プロローグー4
別れた夫(?)の上里松一がそんなことを考えていること等、俗世を離れて主に仏道修行に励んでいる永賢尼にしてみれば、本来からすれば、全く関心の無いことだった。
永賢尼にとって、今の最大の関心は仏道修行であり、敢えて俗世のことで関心があると言えるのは、子ども達の成長と先行きだけの筈だった。
もっとも、自身がお腹を痛めた子の内、最初の1人の美子は既に結婚する程、大きくなっており、自らの初孫を既に産んでもいることから、成長についてはそう心配するようなことはないが。
3人目から5人目は、まだまだ自分の目からすれば成長途上だった。
そして、2人目だが。
「ご長男の勝利殿は寄り道をして、セイロン島でポロンナルワに赴き、そこの様子を見てから、コンスタンティノープルに向かっているとのことですか。どのような状況に、ポロンナルワはあるのでしょうね。また、勝利殿が健やかにおられればよいのですが」
「顕如様が、そのように心配されているとは。息子の勝利は果報者です」
「そう固くなられずとも良いのです。何しろ、父からも遺言で、国外の事で分からぬ事は、まずは永賢尼に相談せよ、と遺言を受けています。国外の事は分からぬことが多い。どうか、色々と教えてください」
「そこまで言われては、私も尽力せざるを得ませんね」
「あなたは、私にとっては身内も同然です。私の身内、義母として尽力して下さい」
「分かりました」
松一がそのようなことを考えている前後、永賢尼と本願寺顕如は、そのような会話を交わしていた。
ちなみに、
一昨年、父の証如が亡くなったことから、顕如は11歳の身で本願寺教団の宗主(門首)に就任した。

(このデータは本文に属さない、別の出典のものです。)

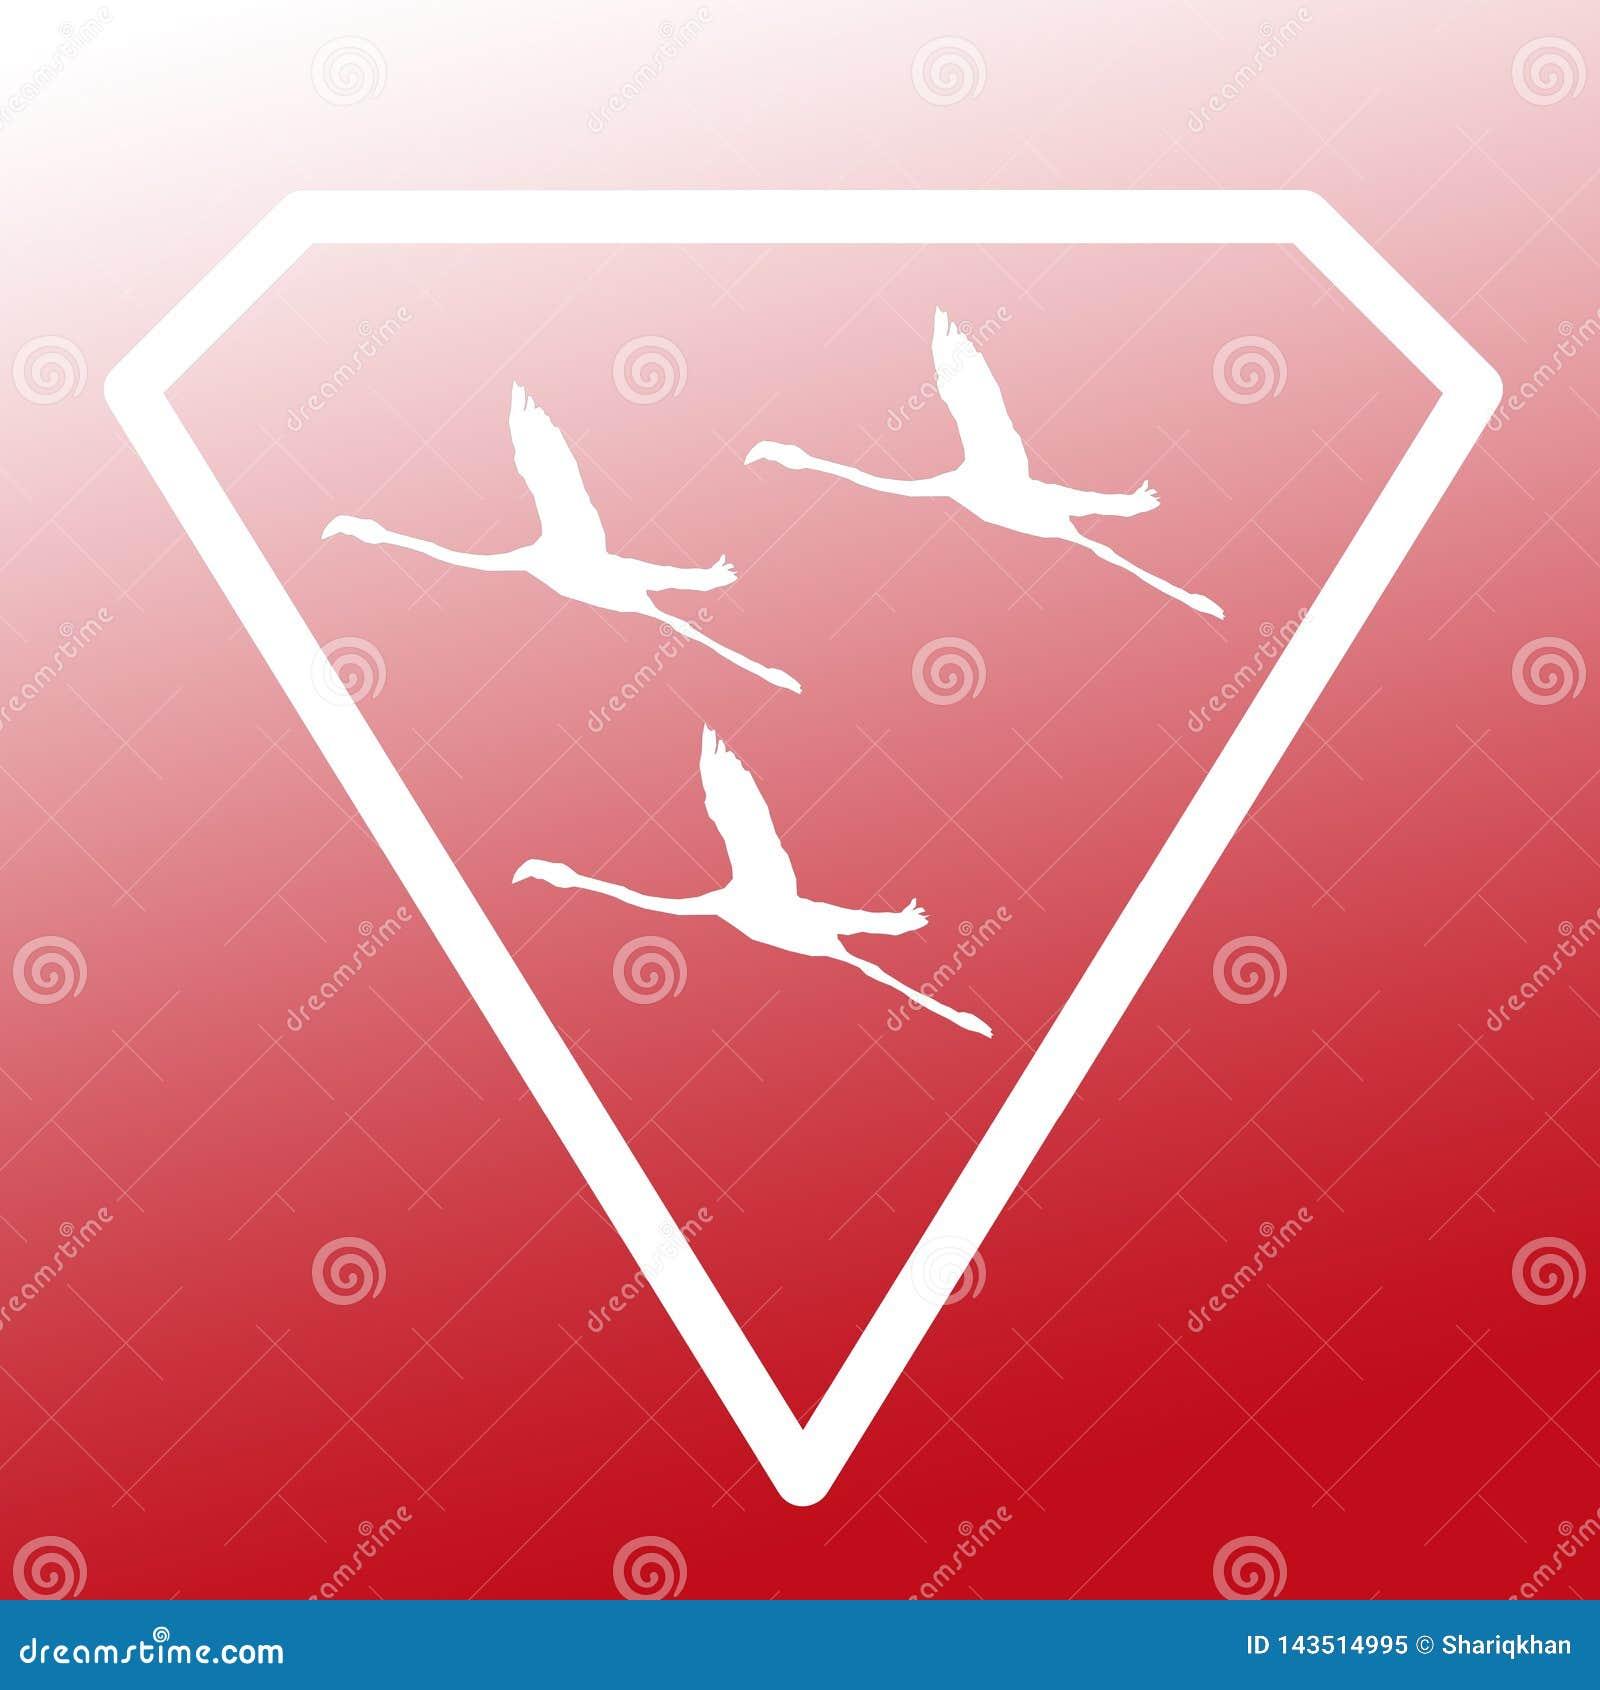 Pájaros de Logo Banner Image Flying Flamingo en Diamond Shape en fondo rojo

とはいえ、そのような若年の身で、日本有数の大教団である本願寺教団の舵を取れるものではない。
そのために証如は、今後の本願寺教団の事を慮り、顕如の後見人として2人を指名した。
その1人は、順当と言えば順当になる証如の実母にして顕如の父方祖母になる鎮永尼だったが。
もう1人が、本願寺教団内でも意外の念を持たれた永賢尼だった。
「国内の事は鎮永尼に、国外の事は永賢尼に。顕如はまずは相談せよ」
それが、証如の遺言の一節であった、と後世に伝わる。
これは、時代の激変に伴う流れの速さに、少しでも本願寺教団が対処するのに、どうするのが最善かを苦吟する中で、証如が導き出した遺言だった。
今や、日本は積極的に世界に乗り出している。
当然のことながら、本願寺教団も世界に、日本国外の事に関わらざるを得ない。
何しろ、セイロン島のポロンナルワに、仏教等の聖地といえる自治都市を作ろう、それに日本も協力しよう、という時代なのだ。
また、本願寺教団の信徒も日本国外に赴いている以上、本願寺教団としても僧侶を積極的に国外に送り出し、又、国外での布教に努めざるを得ない。
そうなったときに、頼るべき人材が本願寺内にいるのか、と証如は考えた末に。
永賢尼を、息子の顕如には頼らせることにした次第だった。
その理由だが。
ます、永賢尼自身が賢明であり、本願寺の教えに通暁しつつあるということがある。
また、顕如の正室になる如春尼から母のように、永賢尼は慕われる存在でもある。
更に、別れたとはいえ、インド株式会社の代表取締役、上里松一との繋がりは維持されており、長女の美子はオスマン帝国にまで赴く等、国外の知識について日本国内でも有数の知識を、永賢尼が持っていることは間違いなかったし、更に最新の情報を入手できる人脈も持っている。
そうしたことから、証如は国外問題に関する顕如の後見人として永賢尼を指名したのだ。
そして、顕如自身もこの義母(?)を頼みにしており、永賢尼は全力を尽くすつもりだった。